Hyperfine interaction in CoCl$_2$ investigated by high resolution neutron spectroscopy

TL;DR

This study used high resolution neutron spectroscopy to observe hyperfine-induced nuclear spin excitations in CoCl₂, revealing temperature-dependent energy shifts linked to magnetic properties and orbital moments.

Contribution

First direct observation of hyperfine nuclear spin excitations in CoCl₂ using high resolution neutron spectroscopy, highlighting the role of unquenched orbital moments.

Findings

Detected inelastic peaks at 1.34 μeV at 2 K.

The inelastic peak energy decreases with temperature and vanishes at 25 K.

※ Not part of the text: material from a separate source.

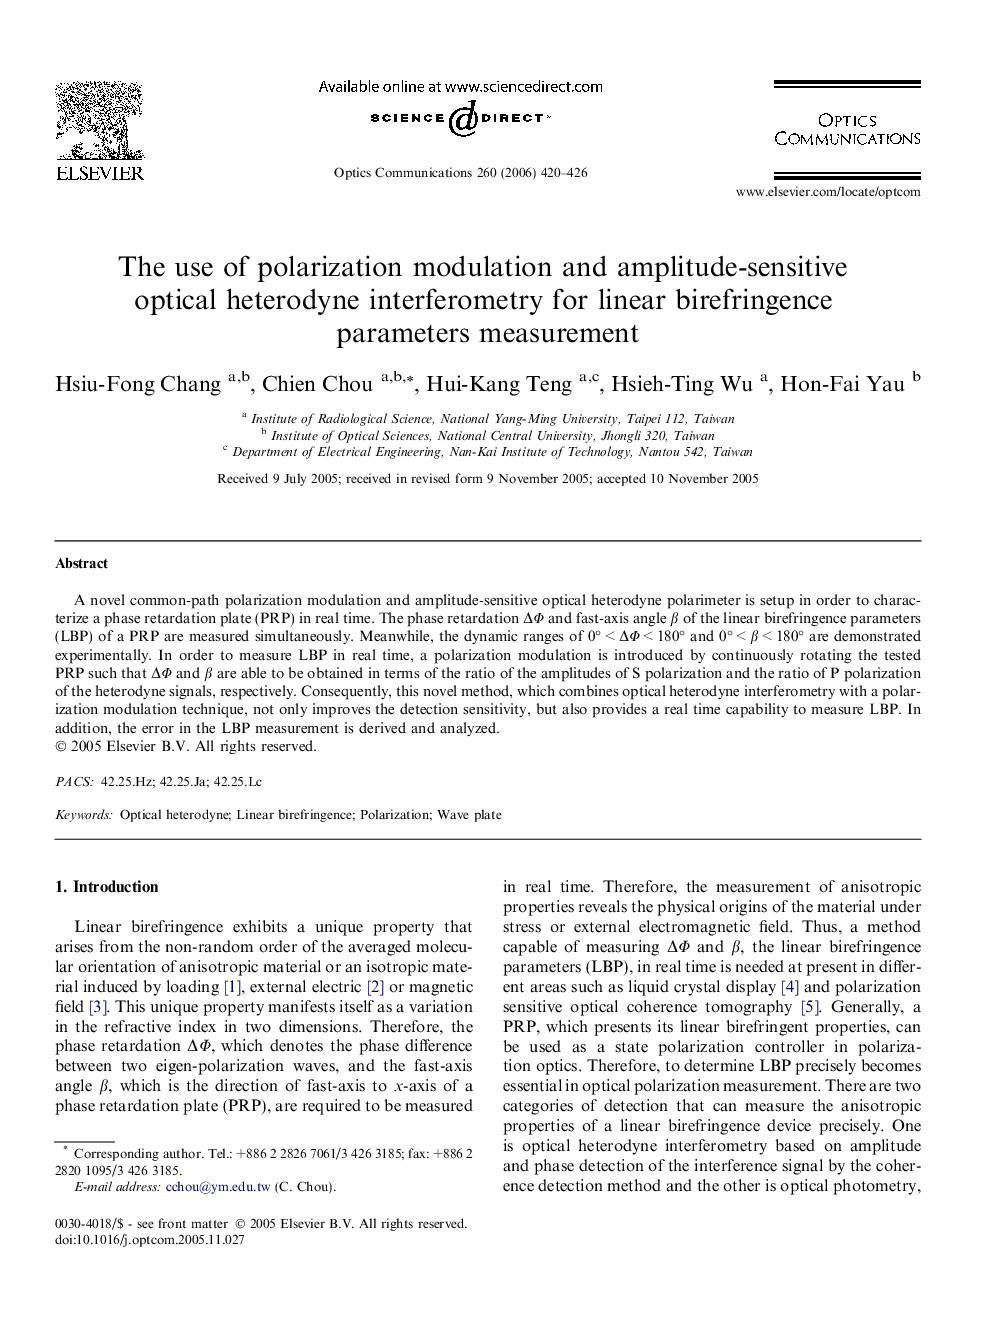 The use of polarization modulation and amplitude-sensitive optical heterodyne interferometry for linear birefringence parameters measurement
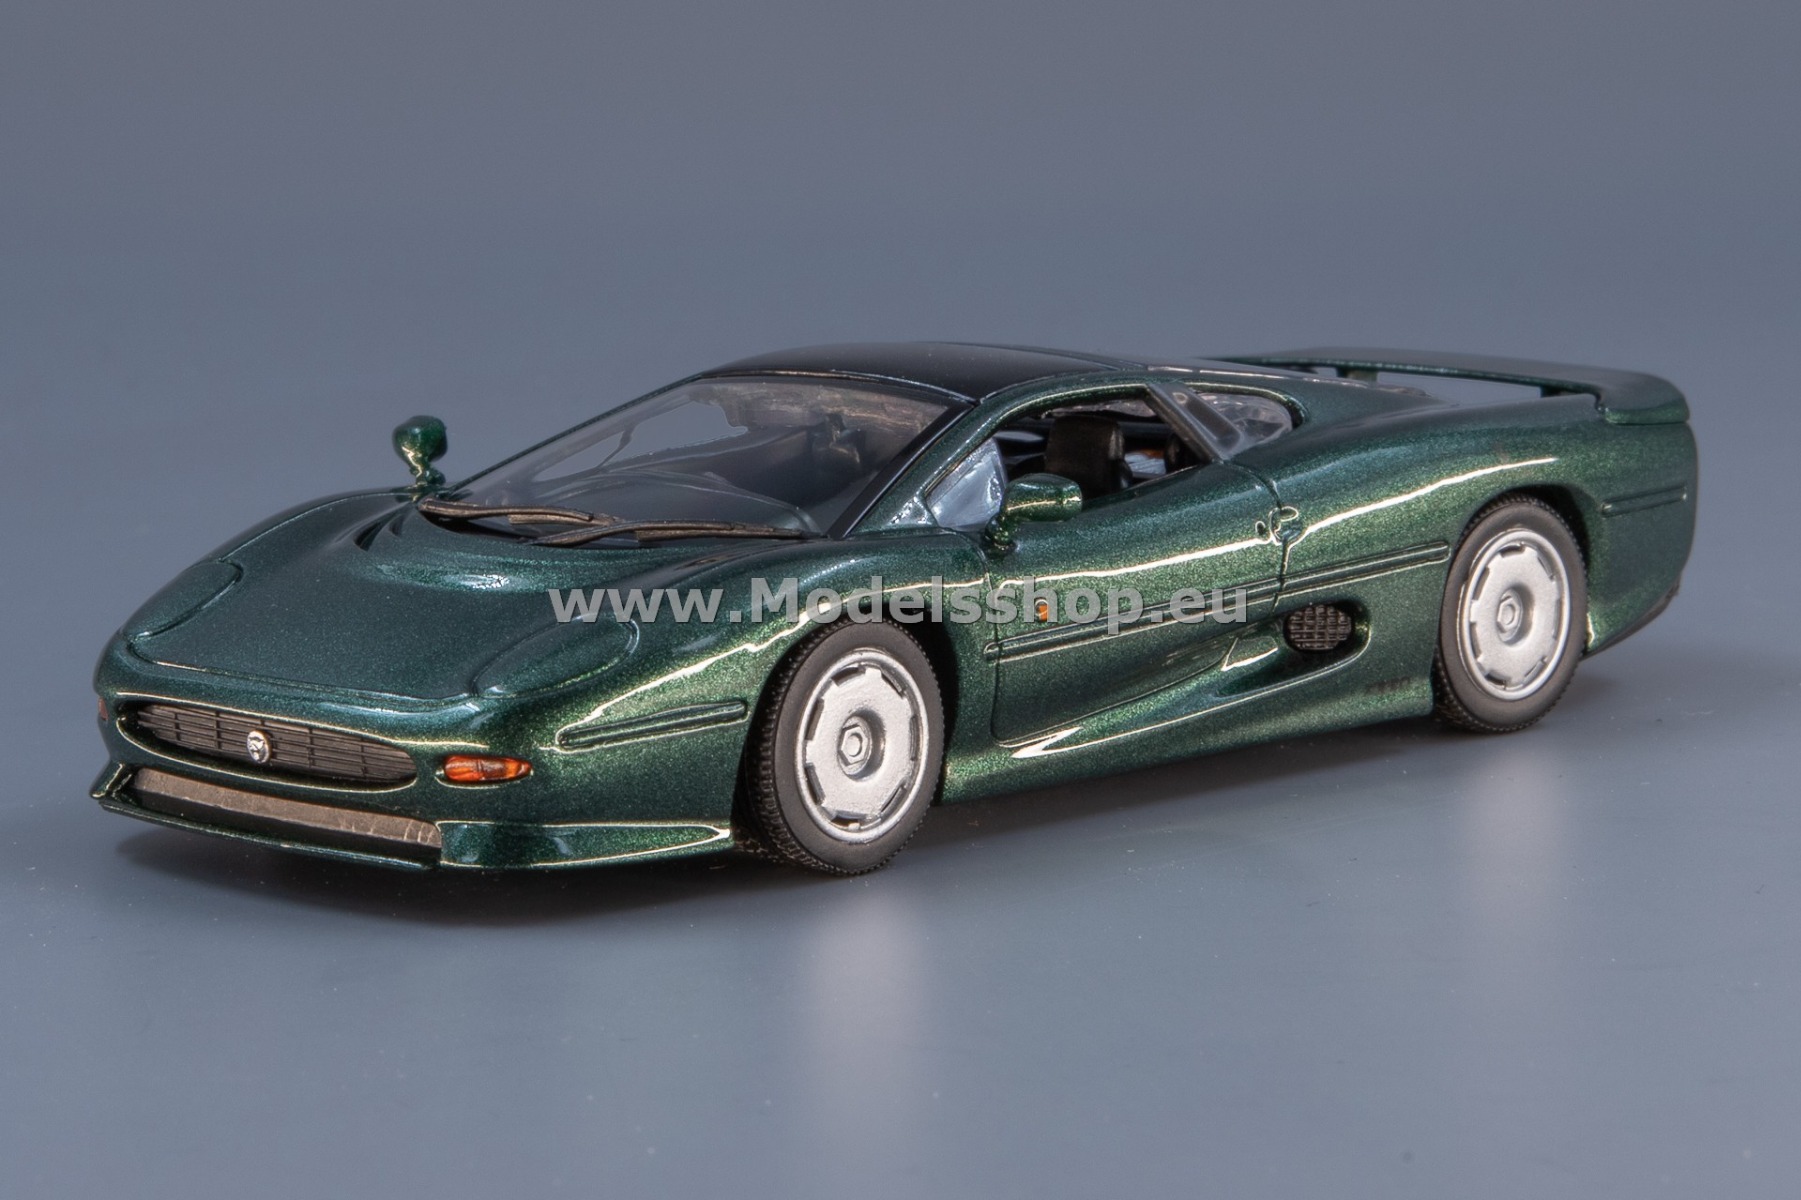 Maxichamps 940102220 Jaguar XJ 220, 1991 /green metallic/

Nuclear spin excitation energies correlate linearly with Co magnetic moments in some compounds.

Abstract

We investigated low energy nuclear spin excitations in the layered compound CoCl$_2$ by high resolution back-scattering neutron spectroscopy. We detected inelastic peaks at $E = 1.34 \pm 0.03$ $\mu$eV on both energy loss and energy sides of the central elastic peak at $T = 2$ K. The energy of the inelastic peaks decrease with temperature continuously and become zero at $T_N \approx 25$ K at which the two ielastic peaks merge with the central elastic peak. We interpret the low energy excitations to be due to the transition between hyperfine field split nuclear levels. The present data together with the data on other Co compounds show that the energy of the nuclear spin excitations of a number of compounds follow a linear relationship with the electronic magnetic moment of the Co ion whereas that of other compounds deviate appreciably from this linear behaviour. We ascribe this anomalous behaviour to the presence of unquenched orbital moments of the Co ions.